Would you write out the full listing exactly, without any pictures?

• Data below:
- Opening Delimiter -
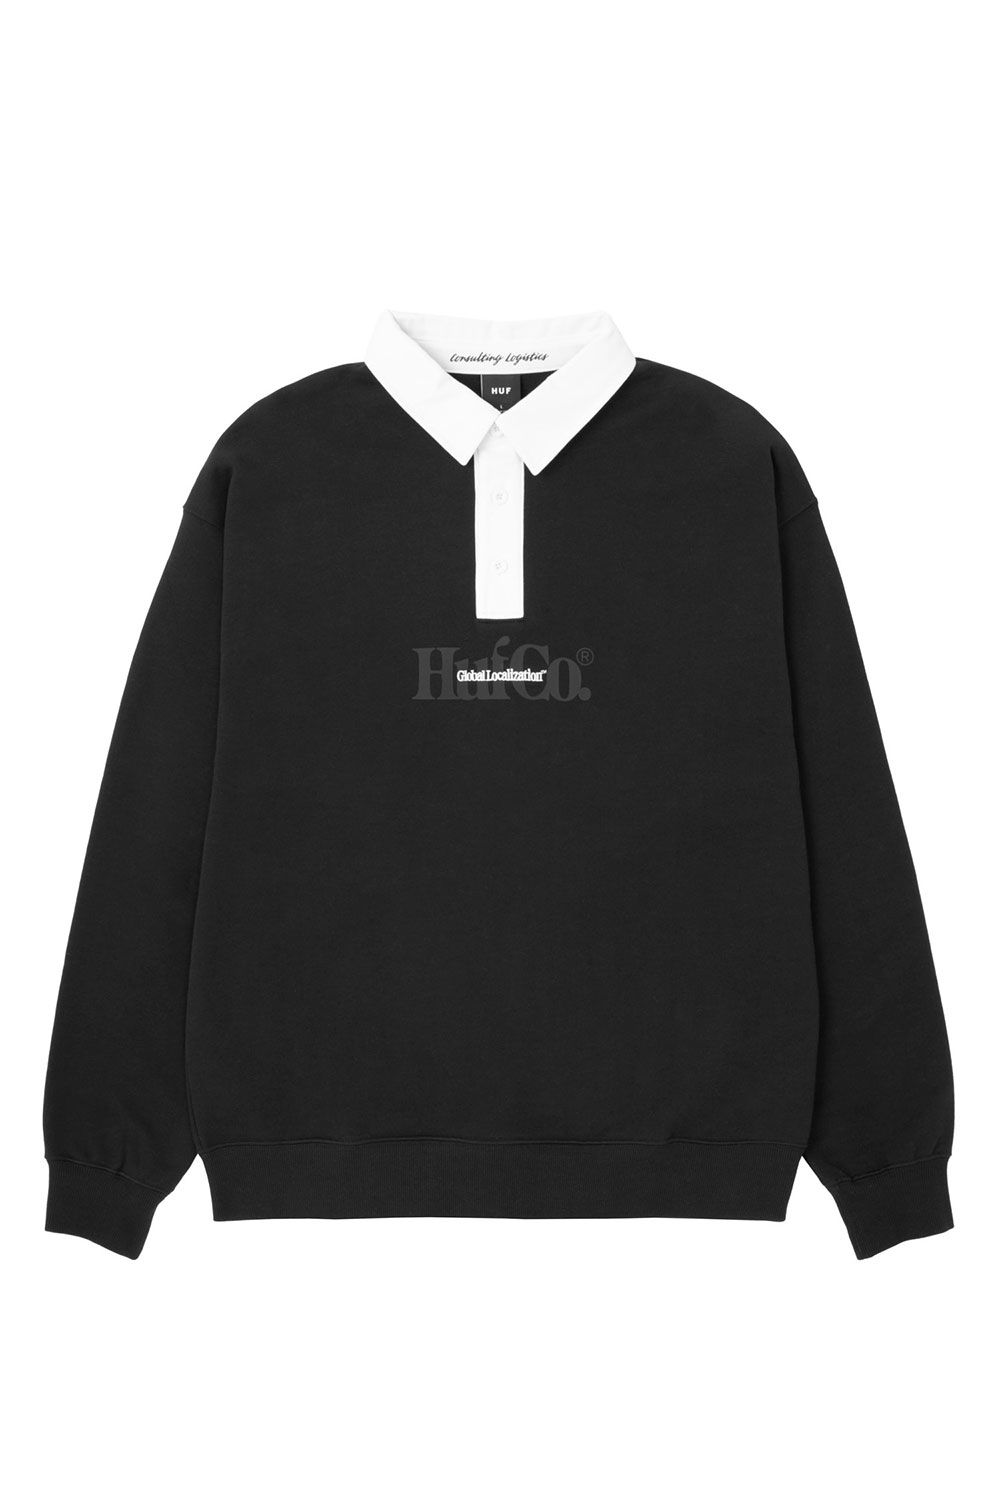 Polo G着用　ricchezza forever ジャージセットアップ XL
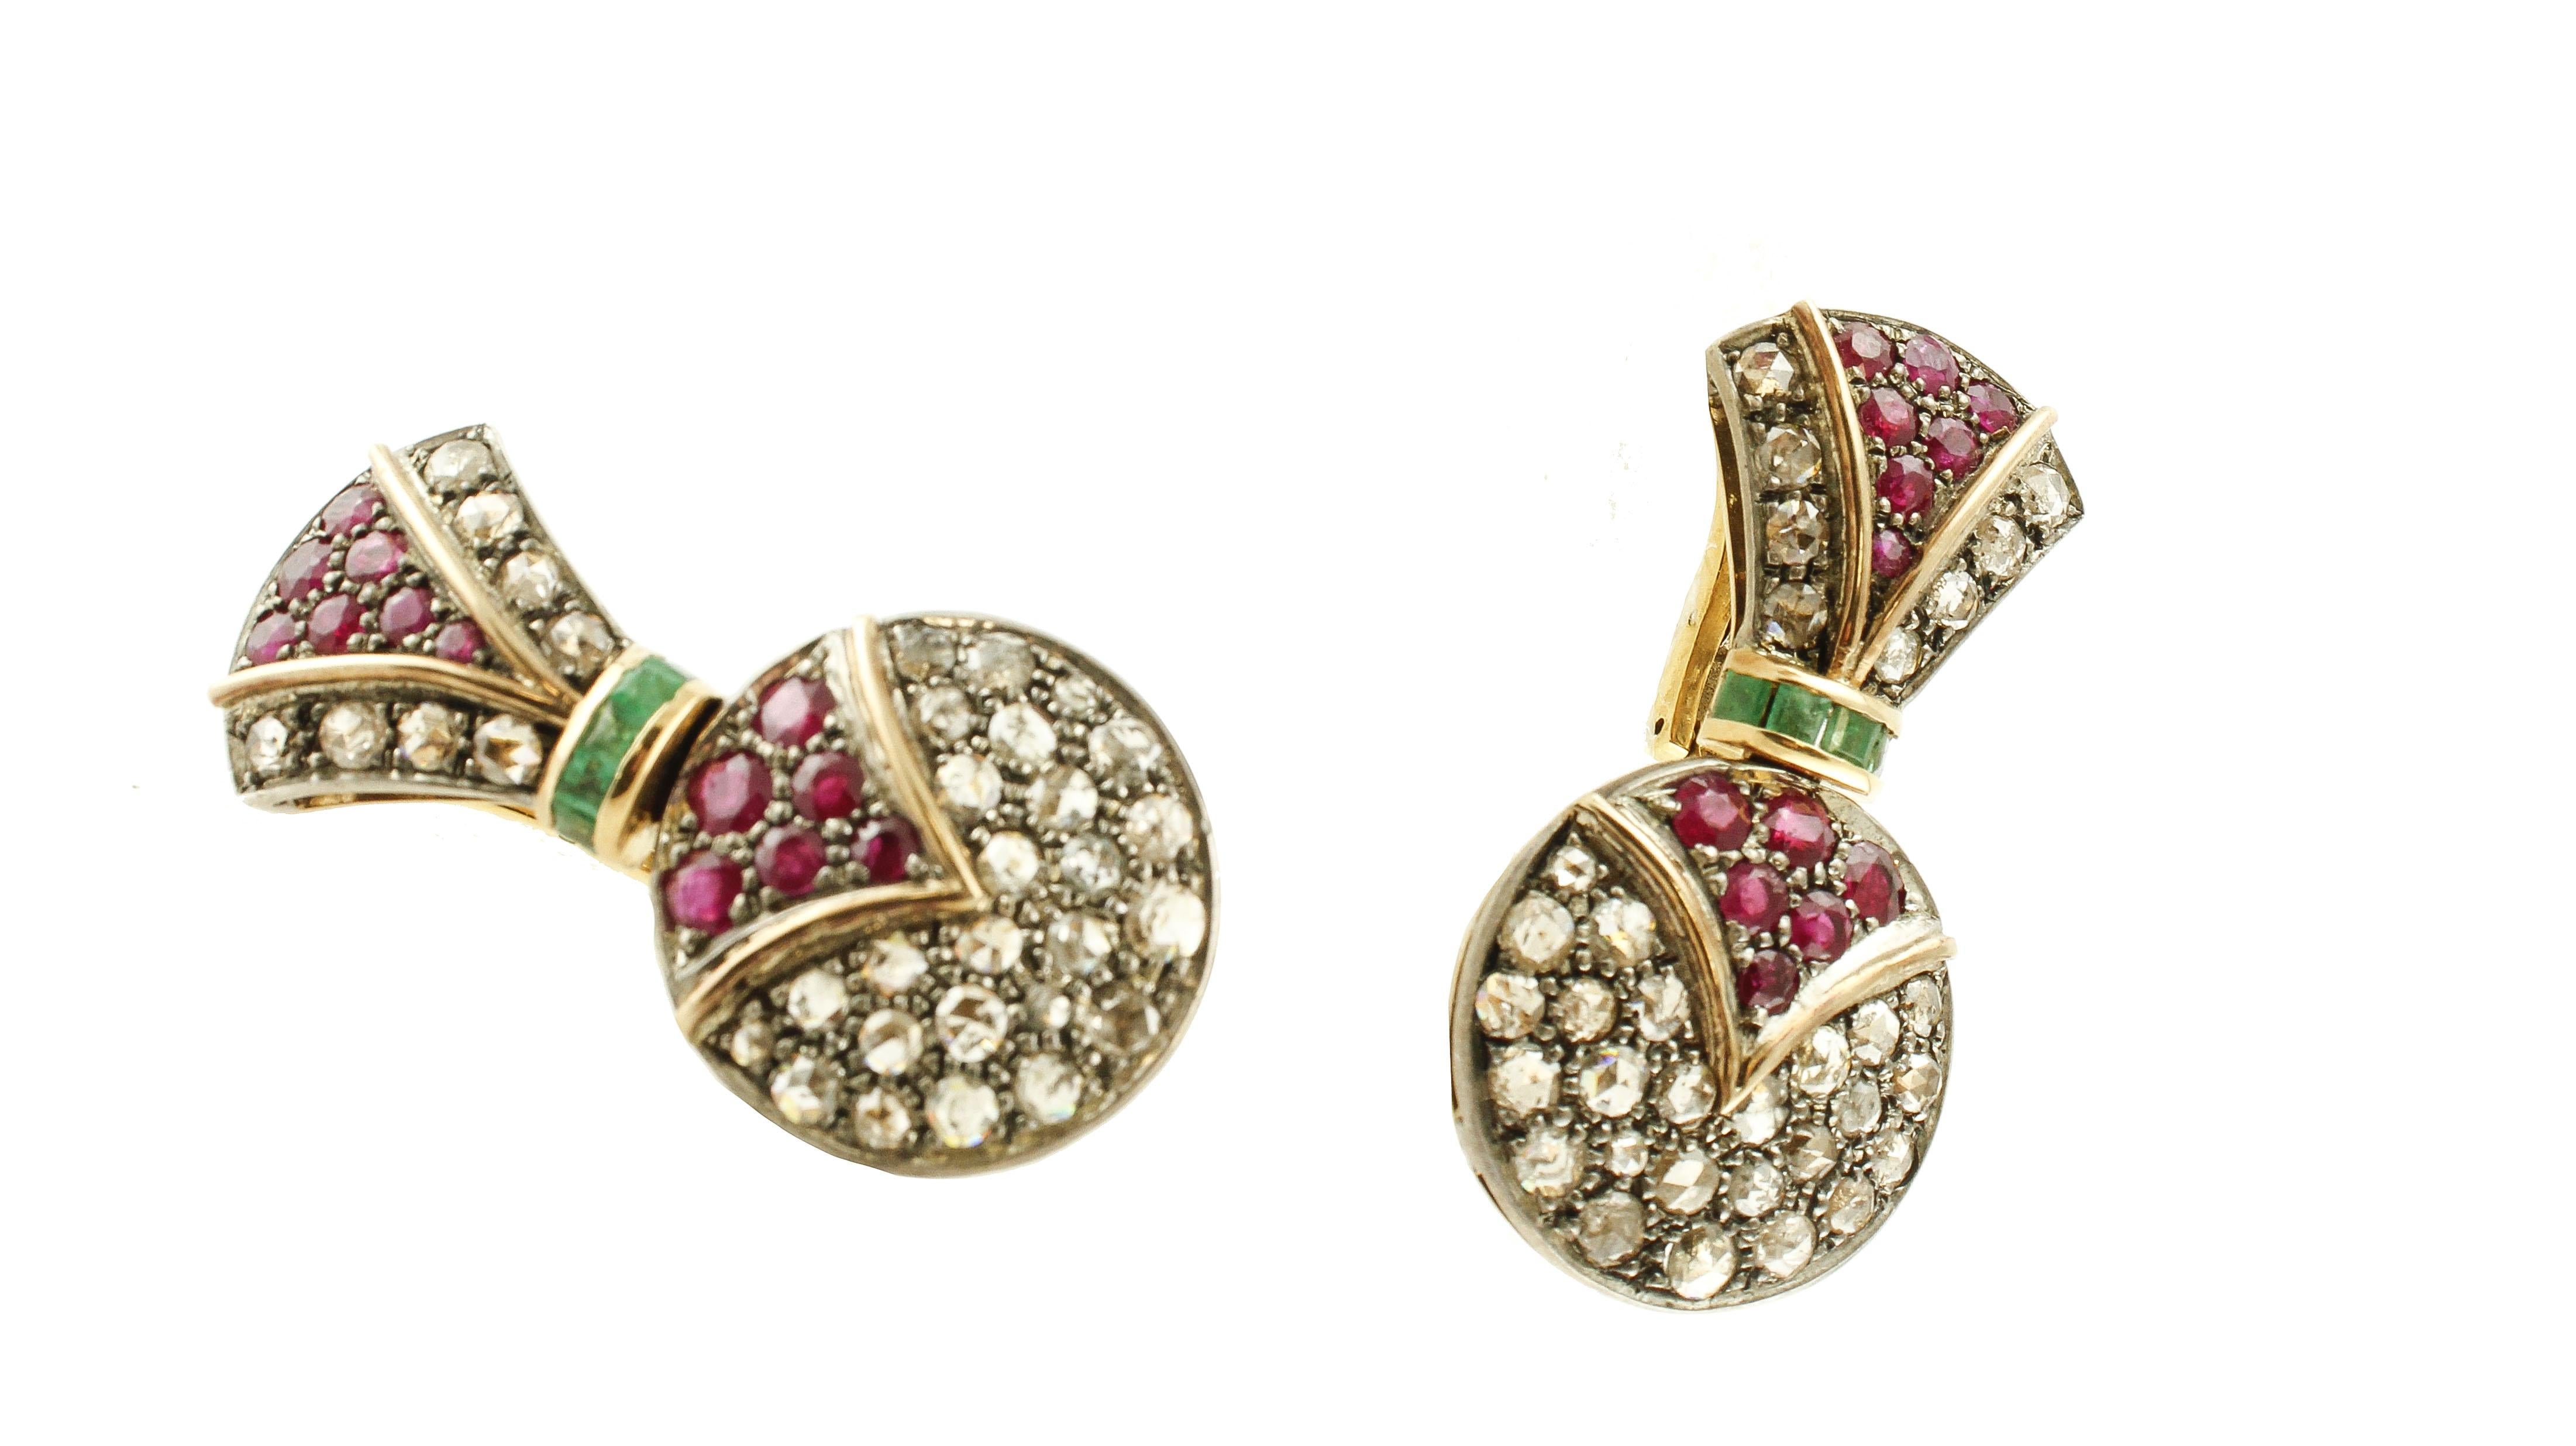 Mixed Cut Diamonds Rubies Emeralds Rose Gold and Silver Fashion Earrings
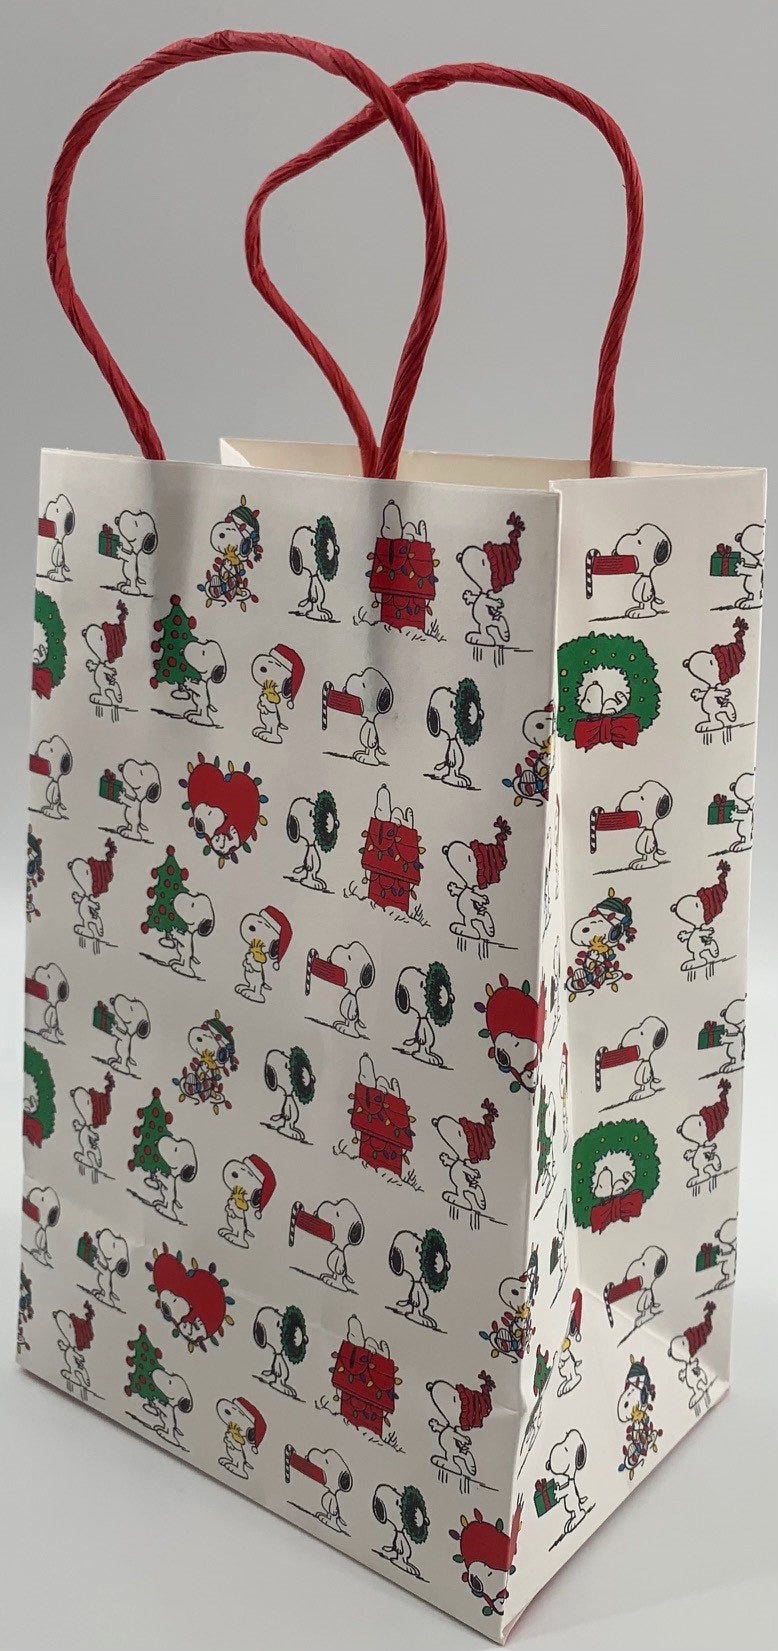 Peanuts - Snoopy Christmas Fun Small Paper Gift Bags (Set of 2)
- Closing Delimiter -
• Exercise answer:
 Polo G着用　ricchezza forever ジャージセットアップ XL
 Mixed Cut Diamonds Rubies Emeralds Rose Gold and Silver Fashion Earrings
 Peanuts - Snoopy Christmas Fun Small Paper Gift Bags (Set of 2)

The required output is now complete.